| DATA TO EXAMINE |

○ ○ ○ ○

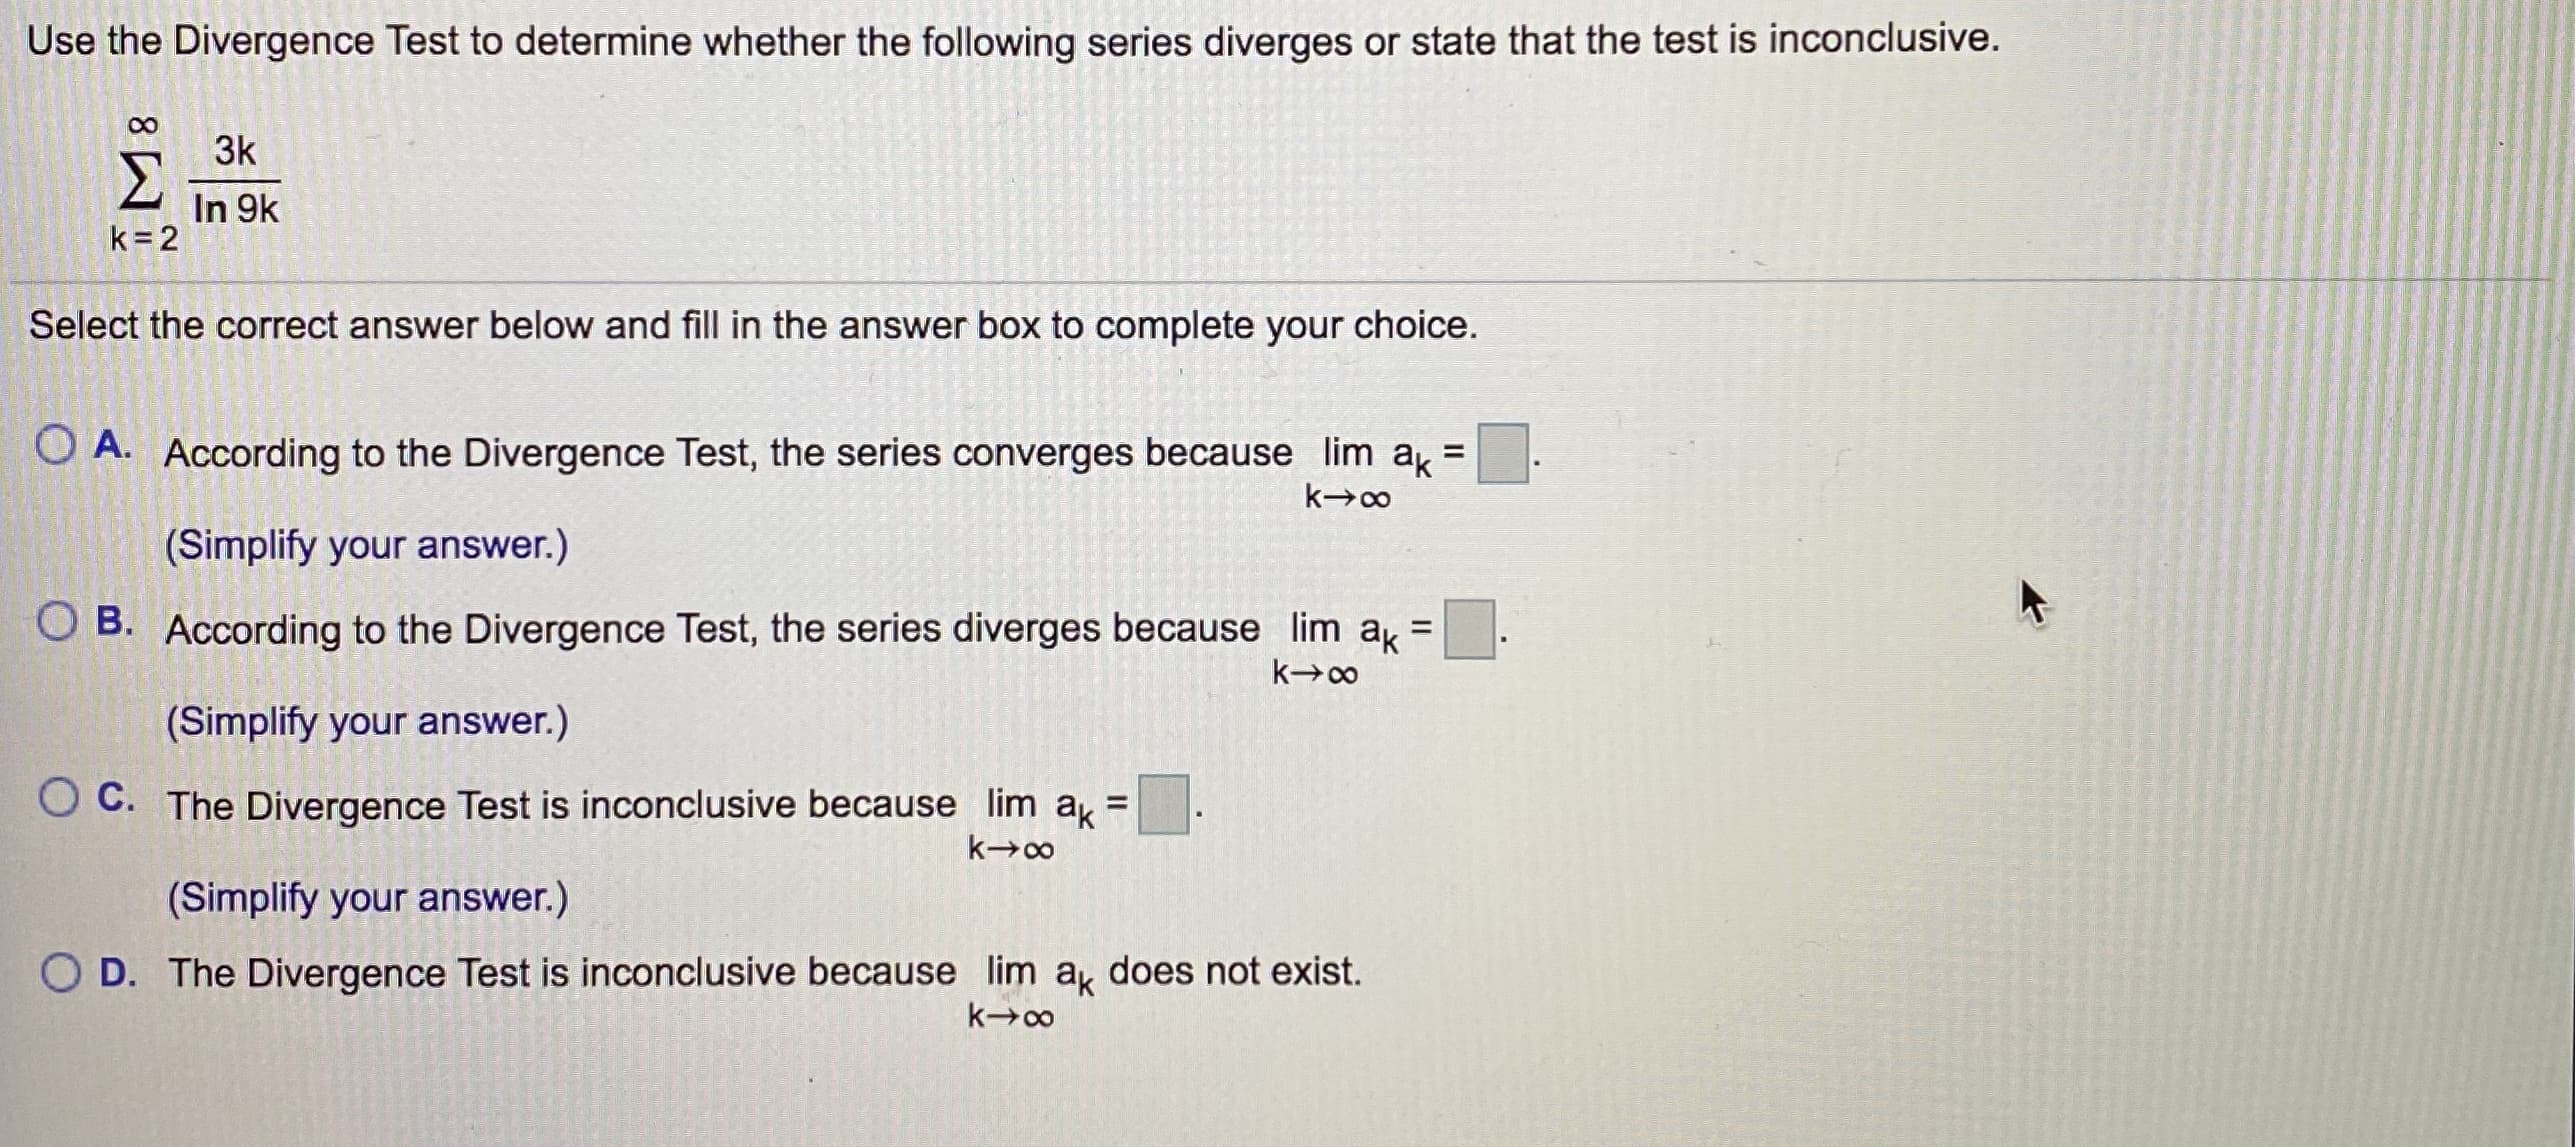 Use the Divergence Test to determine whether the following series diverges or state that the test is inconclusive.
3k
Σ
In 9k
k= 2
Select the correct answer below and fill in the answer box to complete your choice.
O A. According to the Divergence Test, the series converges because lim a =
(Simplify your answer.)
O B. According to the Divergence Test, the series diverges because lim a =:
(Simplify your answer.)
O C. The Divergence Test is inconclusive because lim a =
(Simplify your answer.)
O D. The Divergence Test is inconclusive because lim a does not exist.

○ ○ ○ ○

| WHAT YOU WILL DO |
Retype everything in the material word for word, minus pictures.

| ANSWER BELOW |
 Use the Divergence Test to determine whether the following series diverges or state that the test is inconclusive.
3k
Σ
In 9k
k= 2
Select the correct answer below and fill in the answer box to complete your choice.
O A. According to the Divergence Test, the series converges because lim a =
(Simplify your answer.)
O B. According to the Divergence Test, the series diverges because lim a =:
(Simplify your answer.)
O C. The Divergence Test is inconclusive because lim a =
(Simplify your answer.)
O D. The Divergence Test is inconclusive because lim a does not exist.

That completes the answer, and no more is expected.